Other scientists raise additional concerns.

Not ready for prime time?

Dr. George Preti, a faculty researcher at Monell Chemical Senses Center, a nonprofit scientific institute in Philadelphia, said it's hard to distinguish body chemicals from environmental chemicals in breath samples because "most of the compounds detected in breath are also detected in room air and their levels are similar to each other."

Until scientists "understand the origin and biochemical pathways leading to disease-related" markers in human breath, reliable results from a diagnostic breath test will be difficult to achieve, he stated in a recent review of studies.

In fact, there are more than a few issues that must be addressed before effective technologies will be produced, according to Dr. Lisa Spacek, an adjunct assistant professor at Johns Hopkins School of Medicine, and Terence Risby, professor emeritus at the Johns Hopkins University Bloomberg School of Public Health.

Using breath to diagnose disease first requires a profile of breath molecules for normal health to be established, Spacek and Risby say in a recently published paper.
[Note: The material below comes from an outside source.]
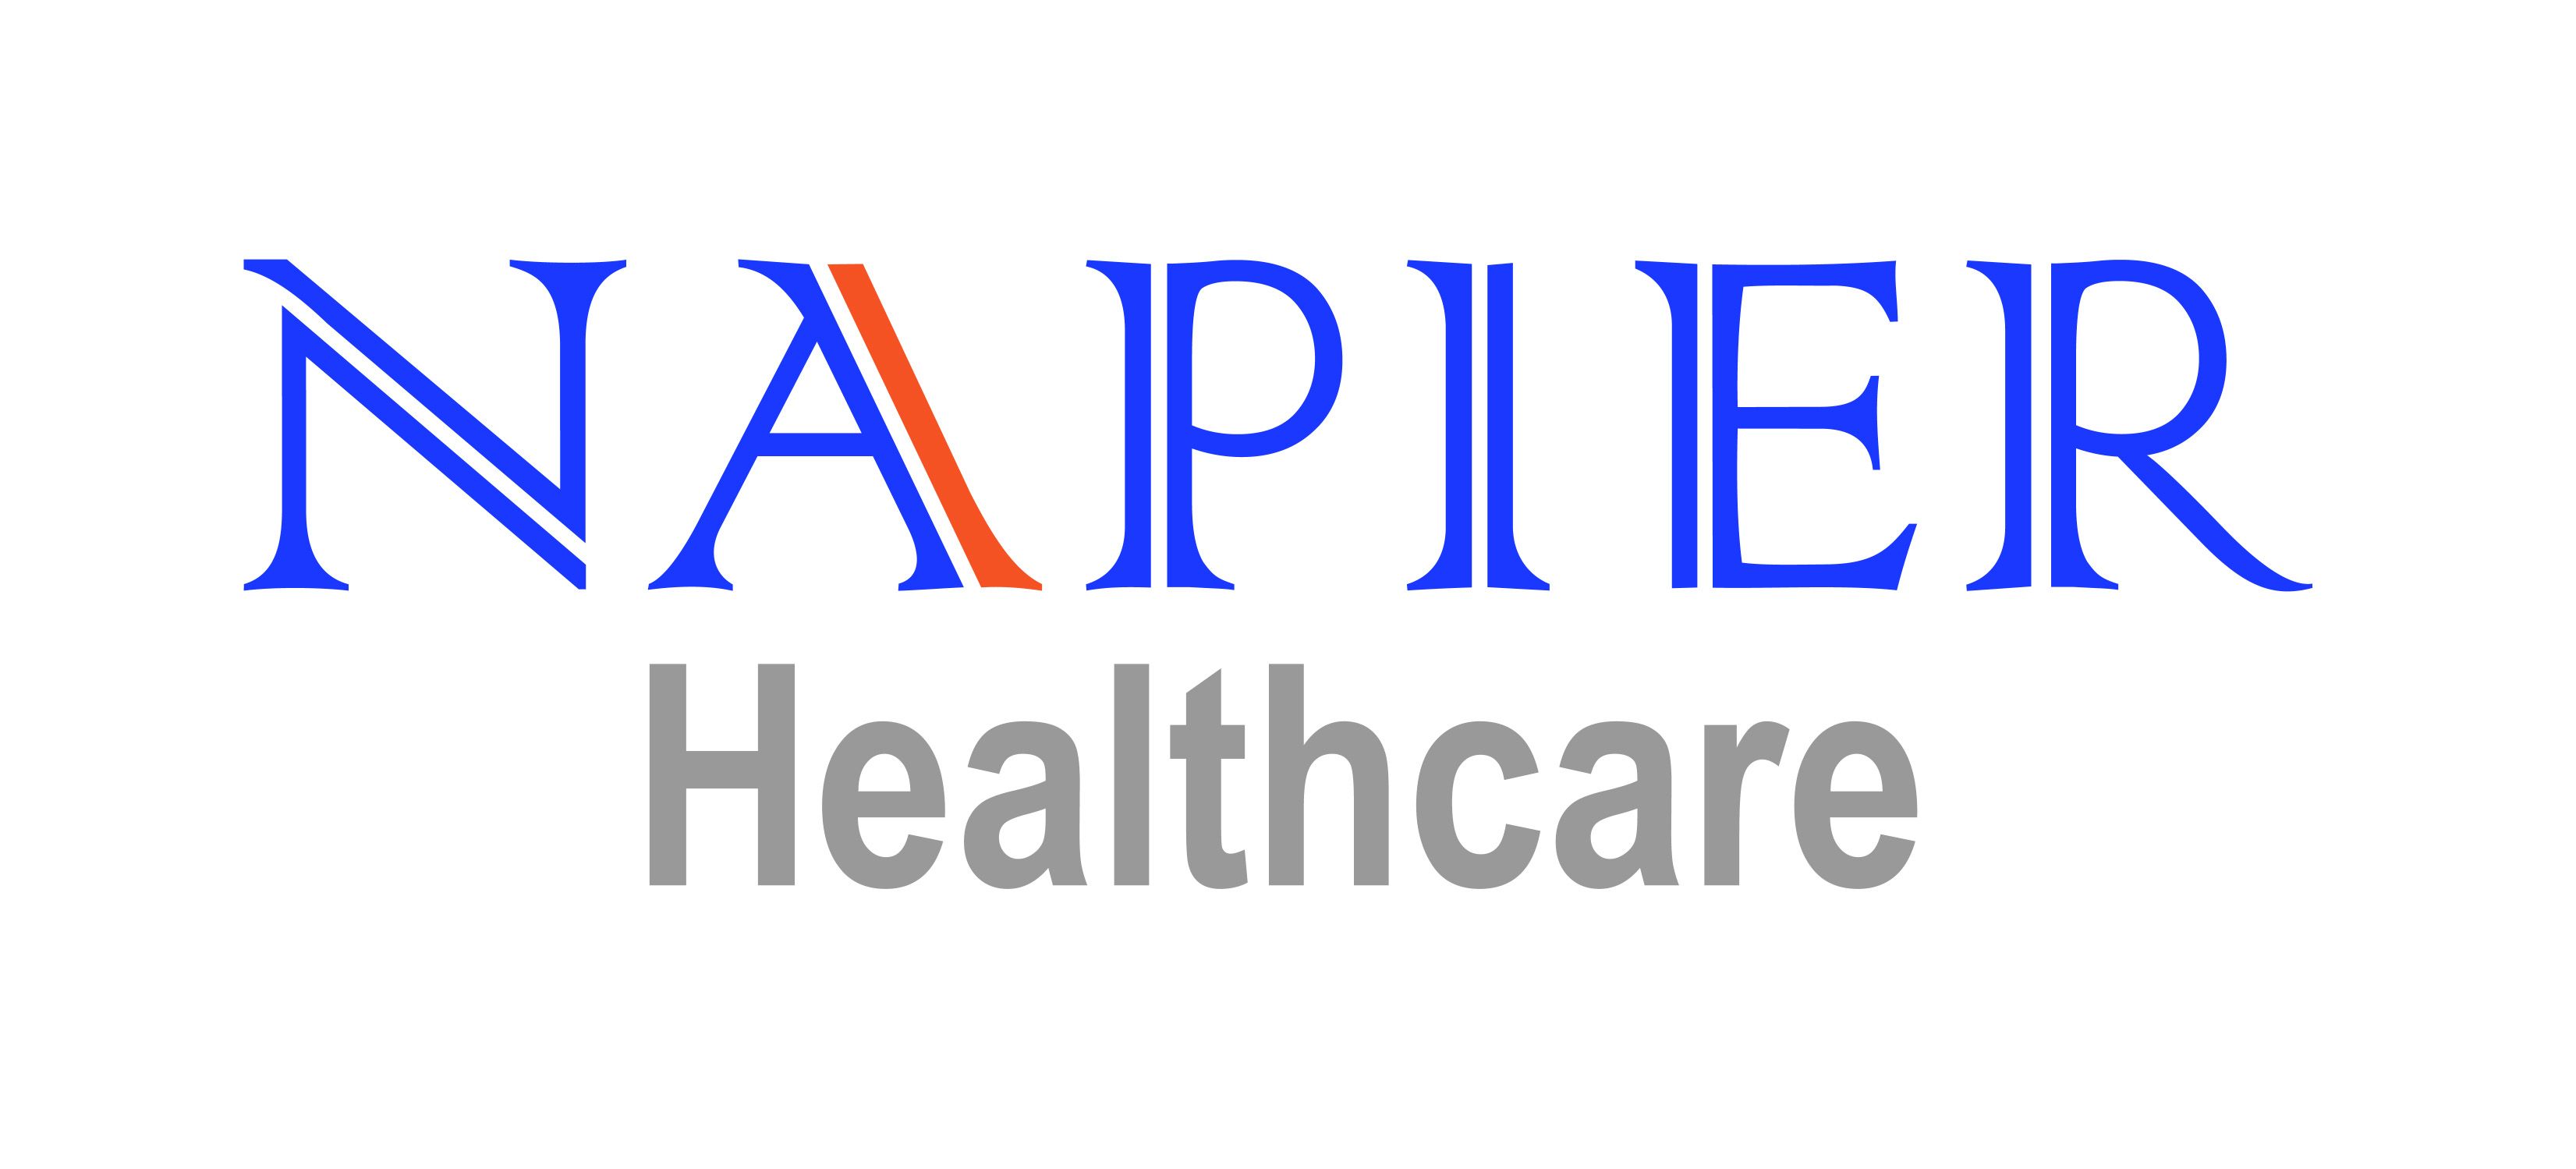 Napier Healthcare Solutions Pte. Ltd. is hiring a Business ...

These must take into account variables such as age, gender, ethnicity and body mass index.

Researchers also need to investigate the factors that might contaminate breath results, such as what someone ate within eight hours of breath collection or whether they used a mouth rinse, say Spacek and Risby. Another issue: How do you store breath that is not immediately analyzed?

Advances in instrumentation, particularly portable monitors, is one factor inspiring and enabling the new research into breath analysis.

Though the field is growing and results are promising, translation of the work into meaningful tests is another matter: "I take every claim by manufacturers ... with a grain of salt," Risby wrote in an email.

Today's widespread interest in breath analysis stems from the relatively recent discovery -- within the past 20 years or so -- that nitric oxide, a common pollutant, works as a signaling molecule in the cardiovascular system, Risby observes. The three scientists who made the discovery won a Nobel Prize for their efforts in 1998.

So despite ancient roots, Risby says, "clinical breath analysis remains in its infancy."